And (4) analyzing the mutation condition of the PROS1 gene by aligning the sequencing result with a known sequence.
For exon 1 of the PROS1 gene (PSE 1), no significant band could be amplified under the same conditions when no DMSO was added to the reaction system (FIG. 3).
Comparative example 1
Comparison of the kit of the present invention with the existing primer set 1
A, B two experiments were performed simultaneously, and 15 pairs of PROS1 exon primers (group A, experimental group) in the kit and the exon primer set 1 (group B, control group) of PROS1 in the literature were used, respectively, and the sample to be tested was the DNA prepared in example 1.

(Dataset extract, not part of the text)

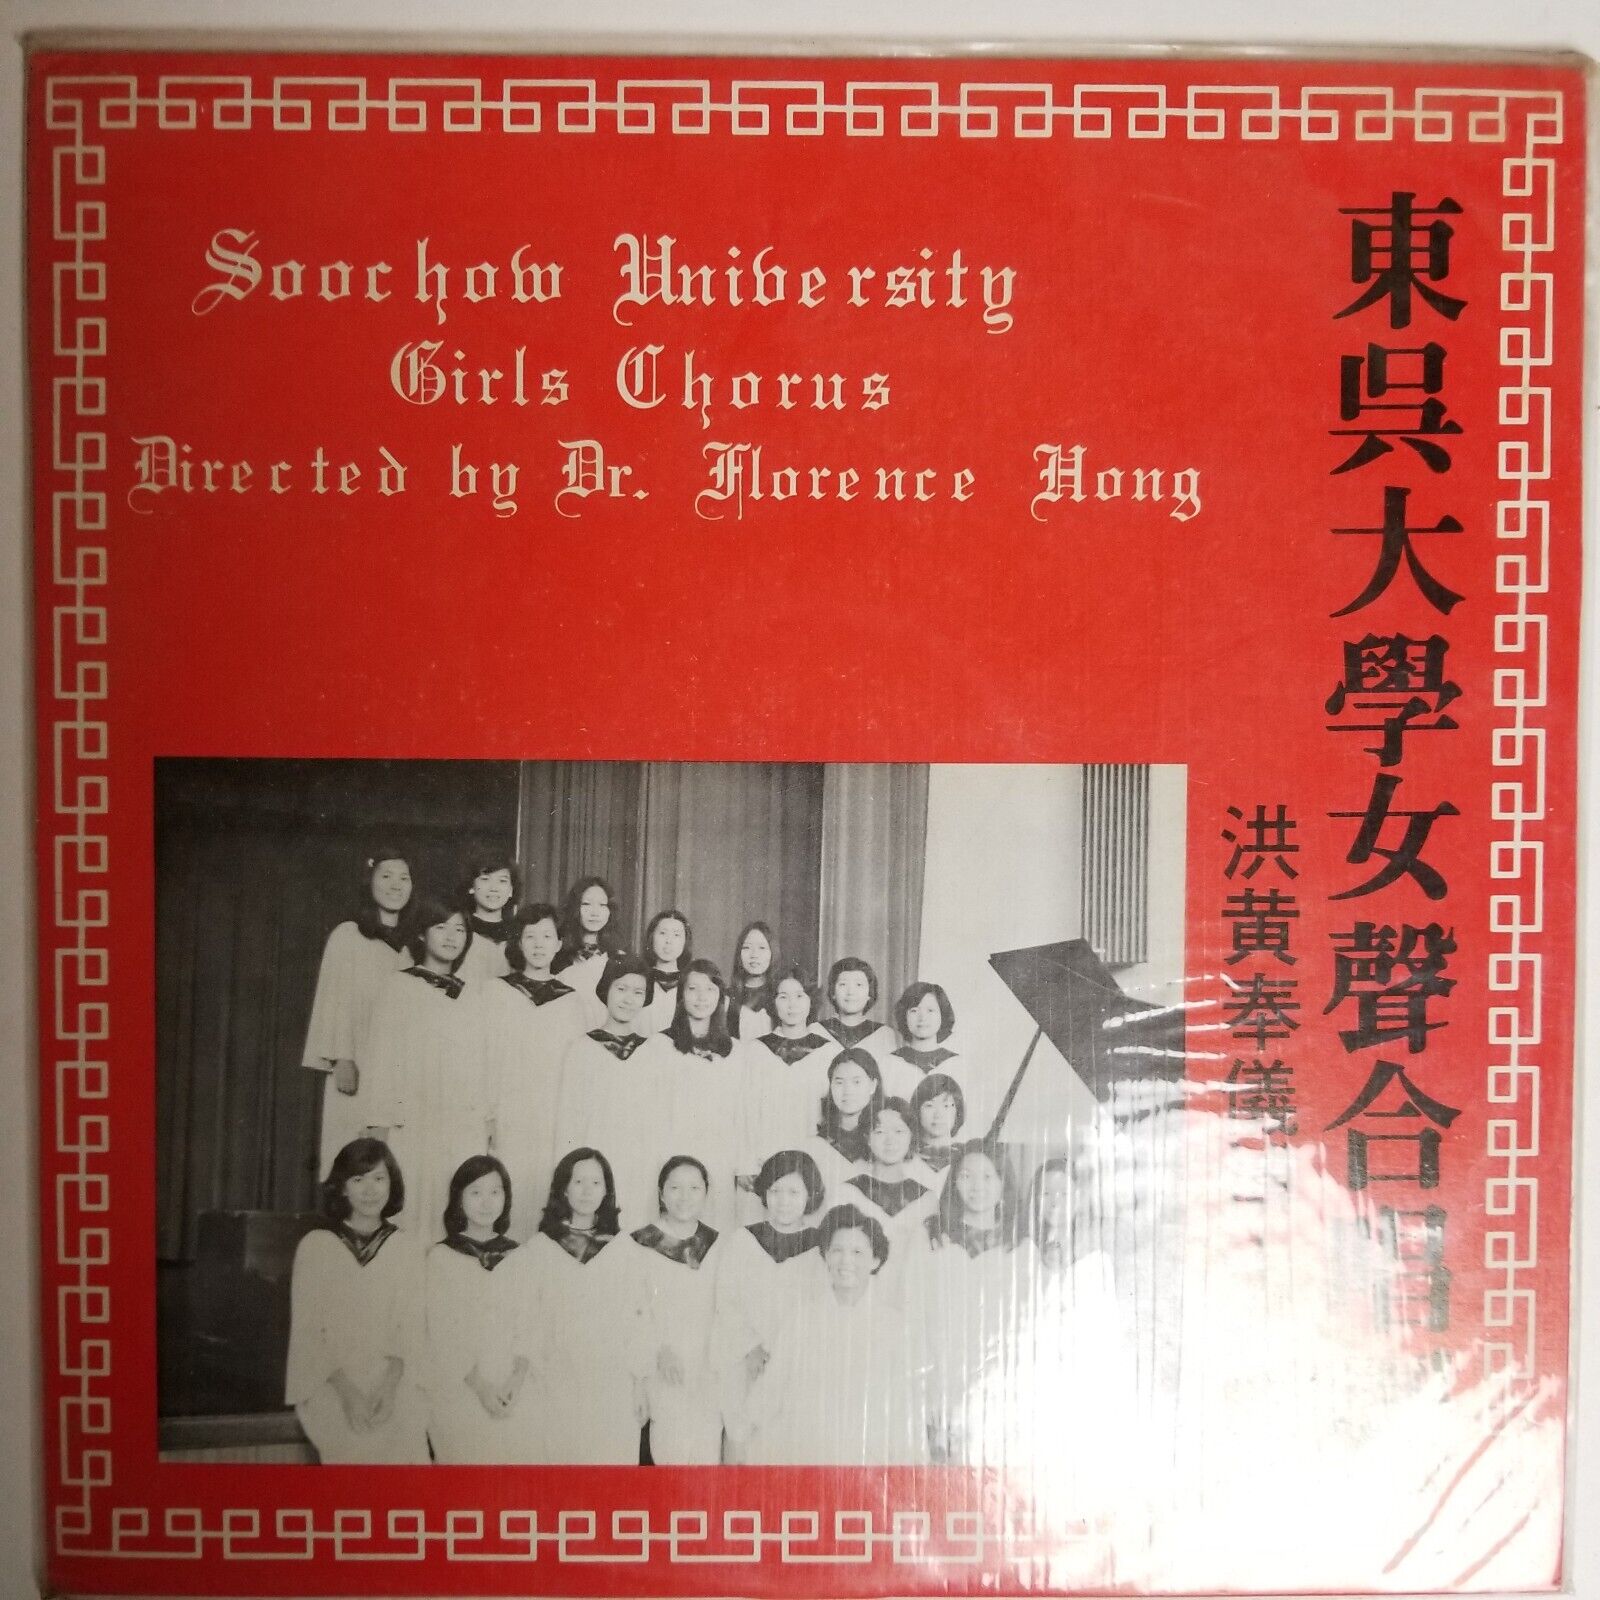 Soochow University Girls Chorus Directed By Dr. Florence Hong LP Sealed

The exon primer sequences for PROS1 in the literature are shown below:
PSE1F:TGTTATCACTTCCCCTCTCG (SEQ ID NO:31)
PSE1R:TAGGAGCTGCAGCTCTAGA (SEQ ID NO:32)
PSE2F:GTCATACAATTCATAGGCAG (SEQ ID NO:33)
PSE2R:CAGAAGGAAGTACAGGCTGG (SEQ ID NO:34)

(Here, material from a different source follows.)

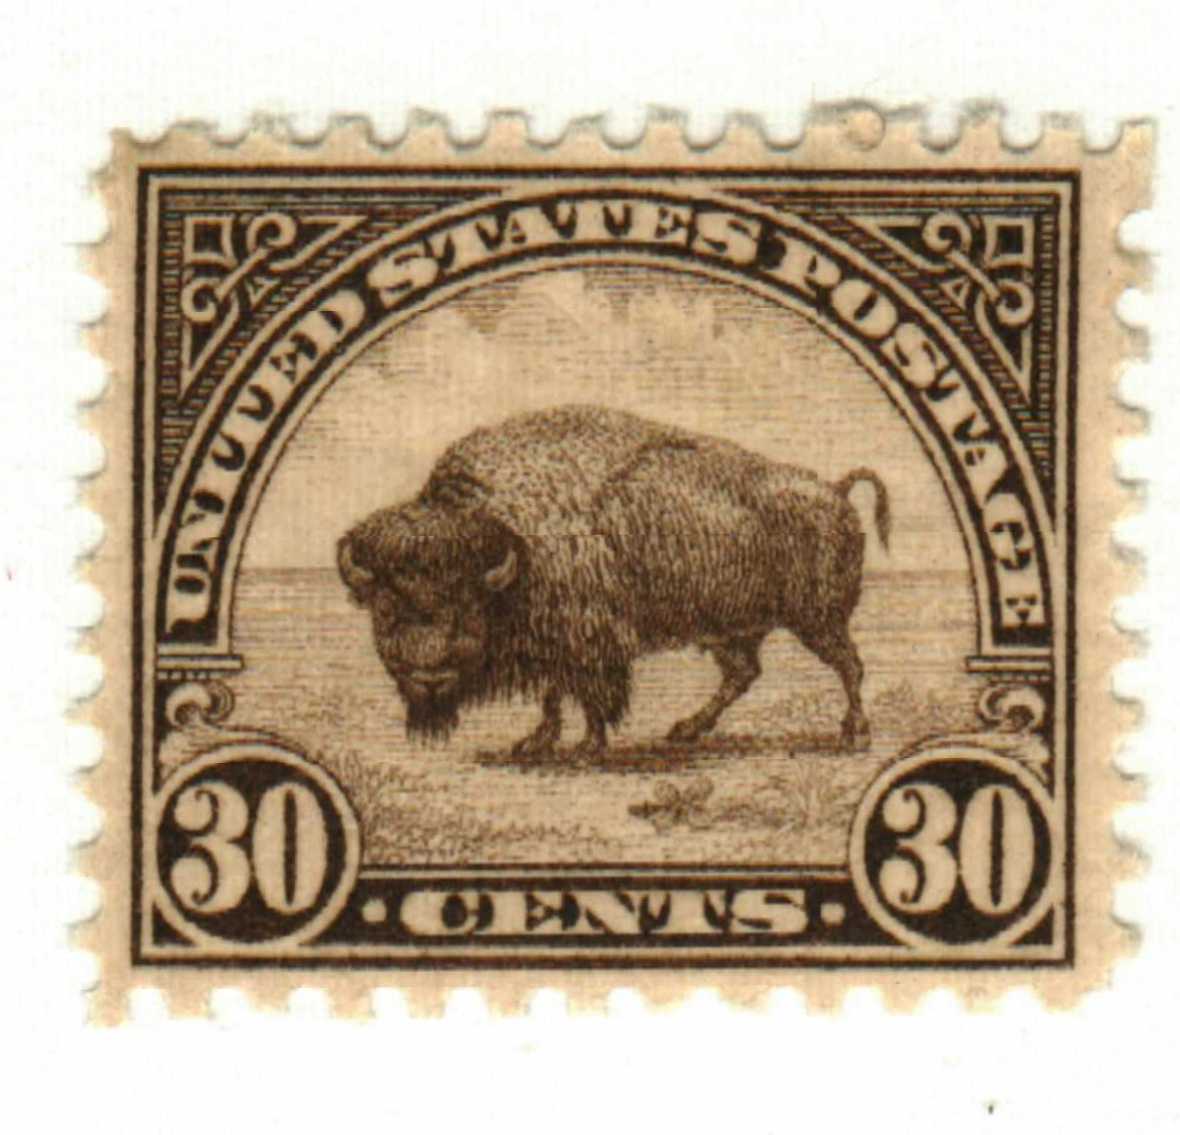 10 Buffalo Stamps Vintage Unused Bison Postage Stamps for Mailing –  Edelweiss Post

PSE3F:AGGTTTGCTAAGATATGTTTT (SEQ ID NO:35)
PSE3R:AGAGTTAGACAGGAACATAT (SEQ ID NO:36)
PSE4F:CCATGAATTCAGATCAAGTA (SEQ ID NO:37)
PSE4R:GGTGTACTTTACCTACAGAG (SEQ ID NO:38)
PSE5/6F:GGCTTCAGGATTTTTATTATAGTA (SEQ ID NO:39)
PSE5/6R:CTAACTGGGATTATTCTCACAT (SEQ ID NO:40)
PSE7F:CACAAATCAAGGGTTCTTTGG (SEQ ID NO:41)
PSE7R:GATCAGTAATGATACCACCA (SEQ ID NO:42)
PSE8F:ATAAGATTGAACATTTAGGG (SEQ ID NO:43)
PSE8R:CAGGTGAGAAGTTAAGCATT (SEQ ID NO:44)
PSE9F:TAGTAACCAAACAAAAATGC (SEQ ID NO:45)
PSE9R:CCCTTATCTGCTTAACCTCT (SEQ ID NO:46)
PSE10F:AGCTTTCTGTATTTCTTACTC (SEQ ID NO:47)
PSE10R:ACAGACTGCATCAAAGTGGG (SEQ ID NO:48)
PSE11F:GTAATACTTGGTTATTTGGTAAT (SEQ ID NO:49)
PSE11R:CACACATATTCAAATCTATTAC (SEQ ID NO:50)
PSE12F:CCTATACTCATAATCGAGCC (SEQ ID NO:51)
PSE12R:TGGGCACACAGTAGATACTC (SEQ ID NO:52)
PSE13F:CTGATGCACTTTAGGAGTGC (SEQ ID NO:53)
PSE13R:GTAAATACTGCTATGTATAC (SEQ ID NO:54)
PSE14F:GCTTATATTGAATCTTTGCTCTC (SEQ ID NO:55)
PSE14R:ATATGCCAATAAATGTCGGT (SEQ ID NO:56)
PSE15F:CAAGATGCTAAAAGTCTTGG (SEQ ID NO:57)
PSE15R:GATAGCAAGAGAAGTAAGAATTTC(SEQ ID NO:58)
1. preparation of primers
The primers provided by the invention are prepared to be 10 mu M in concentration, and the exon primers of PROS1 in the literature are prepared to be 10 mu M in concentration.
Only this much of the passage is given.